皮肉なことに、共産党を設立した陳独秀は、西洋思想の「科学」と「民主」の唱道者だった。佐藤氏は中国共産党と中国国民党は、共に抗日の五・四運動から産まれて、ソ連の民主集中制を導入した双生児であったと見るのは、面白い。共産思想と新儒学思想は、正反対に見えるが中国固有の変革を目指す点で同じだというのも、はっとさせられる。
毛沢東の「新民主主義論」によって、後進国である中国は、脆弱なブルジョワジーに代わって労農主体の共産党が、近代を飛び越して社会主義に向かおうとした。だが、資本主義の育成が、近代ナショナリズムを強め、社会主義より国家資本主義に向かう素地をつくった。

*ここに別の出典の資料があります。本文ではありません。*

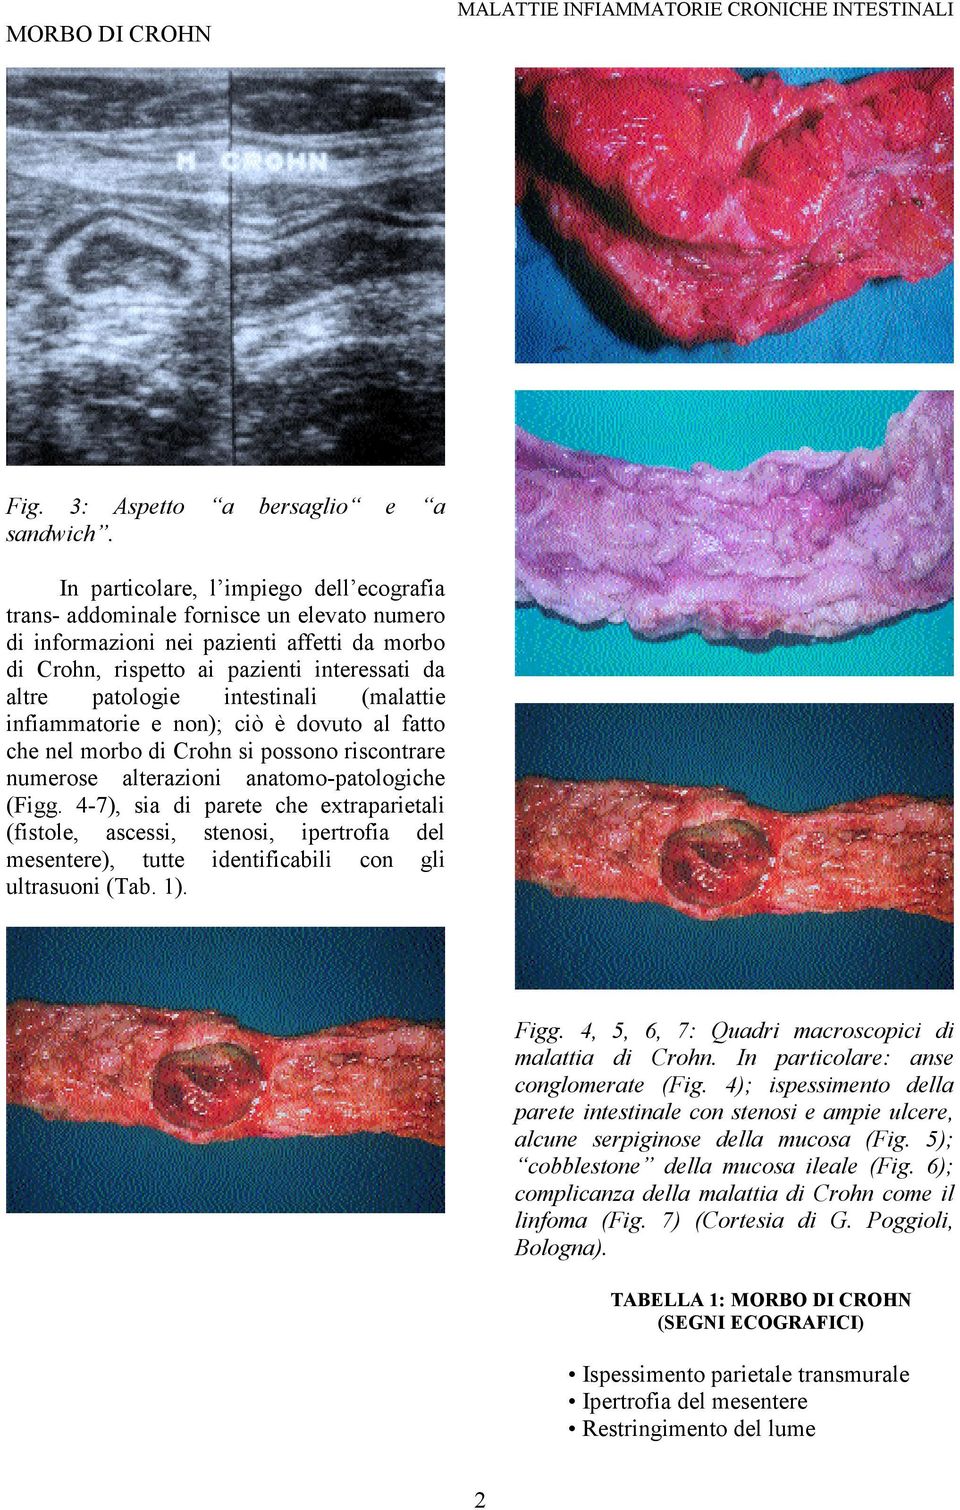 intestinali (malattie infiammatorie e non); ciò è dovuto al fatto che nel morbo di Crohn si possono riscontrare numerose alterazioni anatomo-patologiche (Figg.

近代中国にダーウィンや、イプセン、マルクスが入ると「主観能動性」が重んじられた。中国に自由主義思想は根付かなかった。ただし胡適はイブセンを紹介して個人主義やエゴイズムの重視を主張し、「寛容は自由より重要である」と主張した。改革開放時代になり、胡適の再評価は面白い。(大修館書店)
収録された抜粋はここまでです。